═══ DATA LISTING

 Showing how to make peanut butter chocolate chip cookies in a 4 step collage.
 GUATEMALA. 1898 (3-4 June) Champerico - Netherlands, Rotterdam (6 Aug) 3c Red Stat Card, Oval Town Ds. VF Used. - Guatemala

══════
═══ DATA LISTING

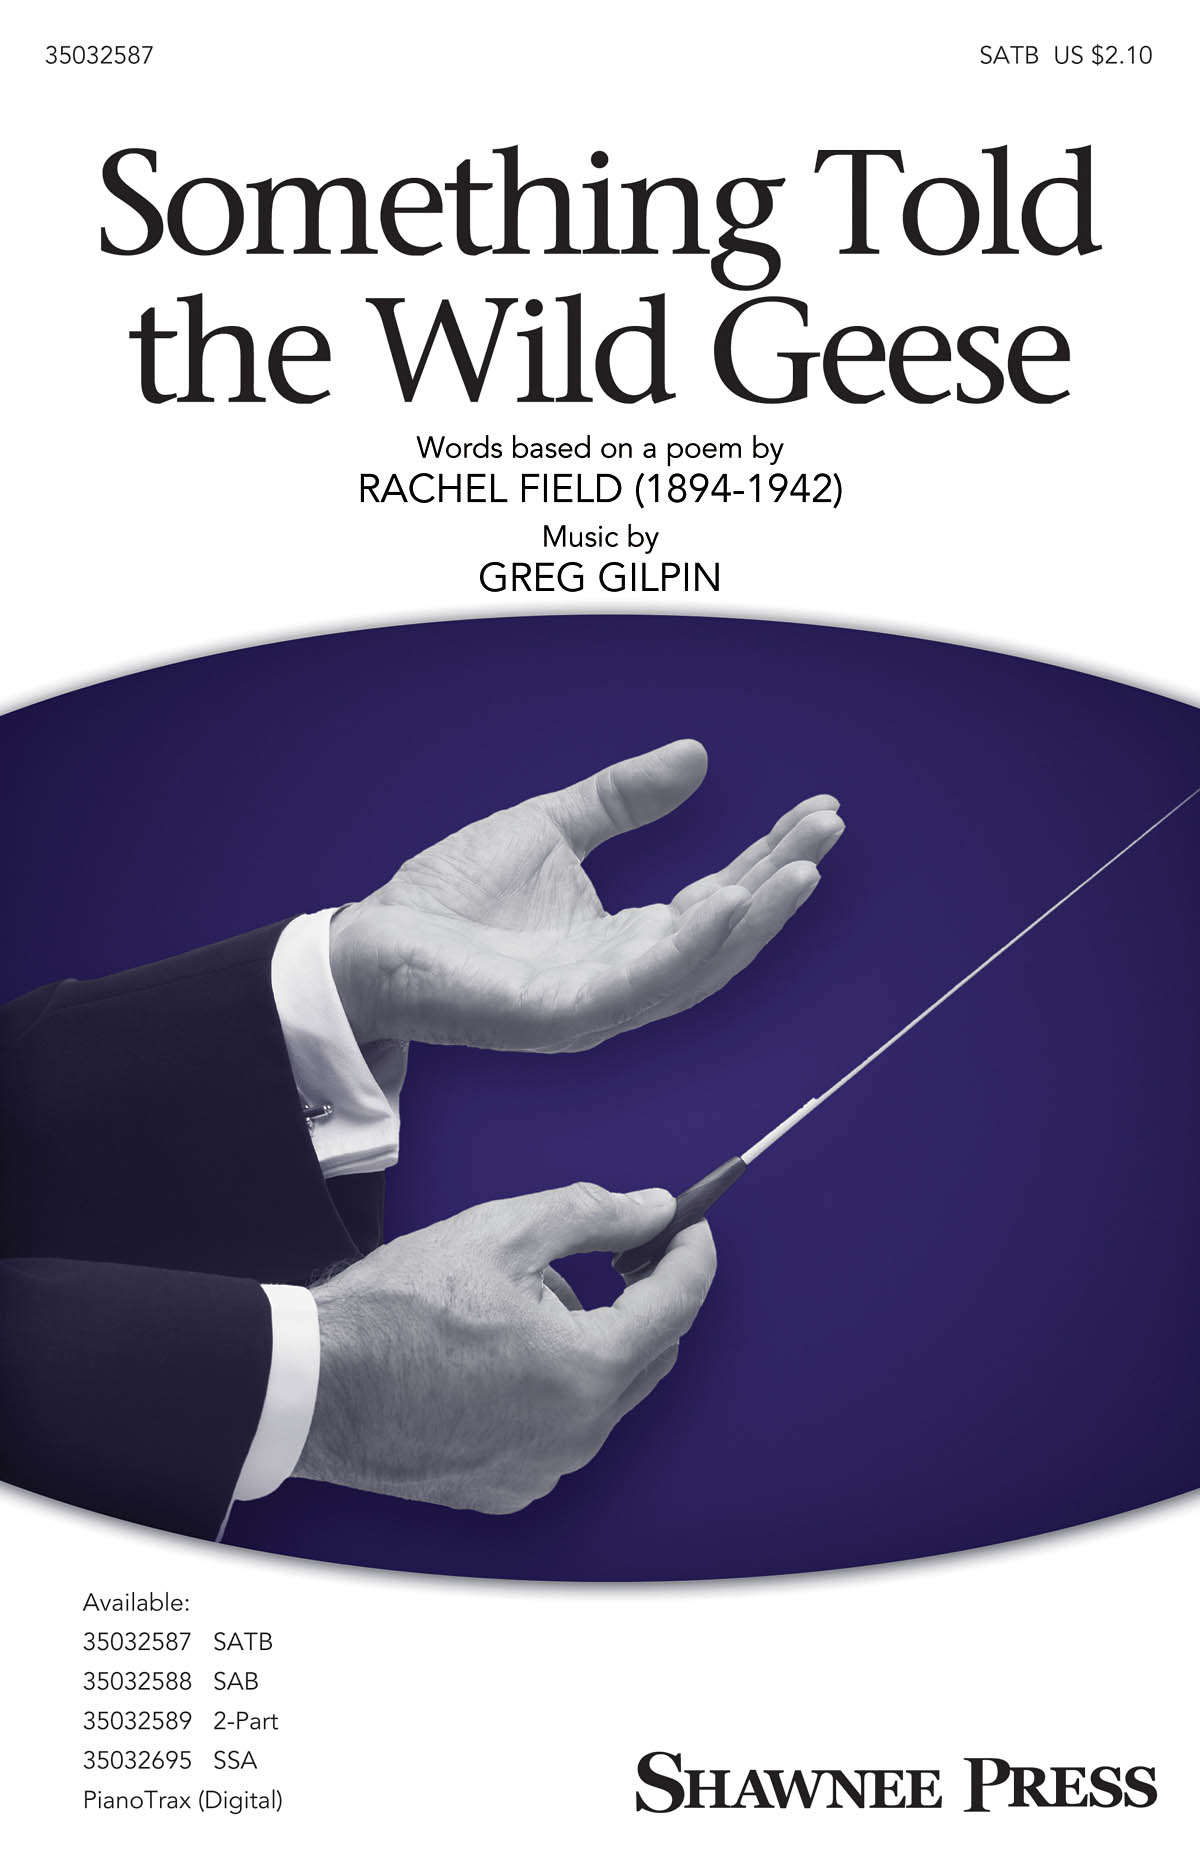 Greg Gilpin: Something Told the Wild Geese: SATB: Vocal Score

══════

__WHAT YOU WILL DO__: Set down again, word for word, the stretch of records from the line with "Showing how to" to the line with "GUATEMALA. 1898 (3-4", both of those lines included.

__REPLY__:
 Showing how to make peanut butter chocolate chip cookies in a 4 step collage.
 GUATEMALA. 1898 (3-4 June) Champerico - Netherlands, Rotterdam (6 Aug) 3c Red Stat Card, Oval Town Ds. VF Used. - Guatemala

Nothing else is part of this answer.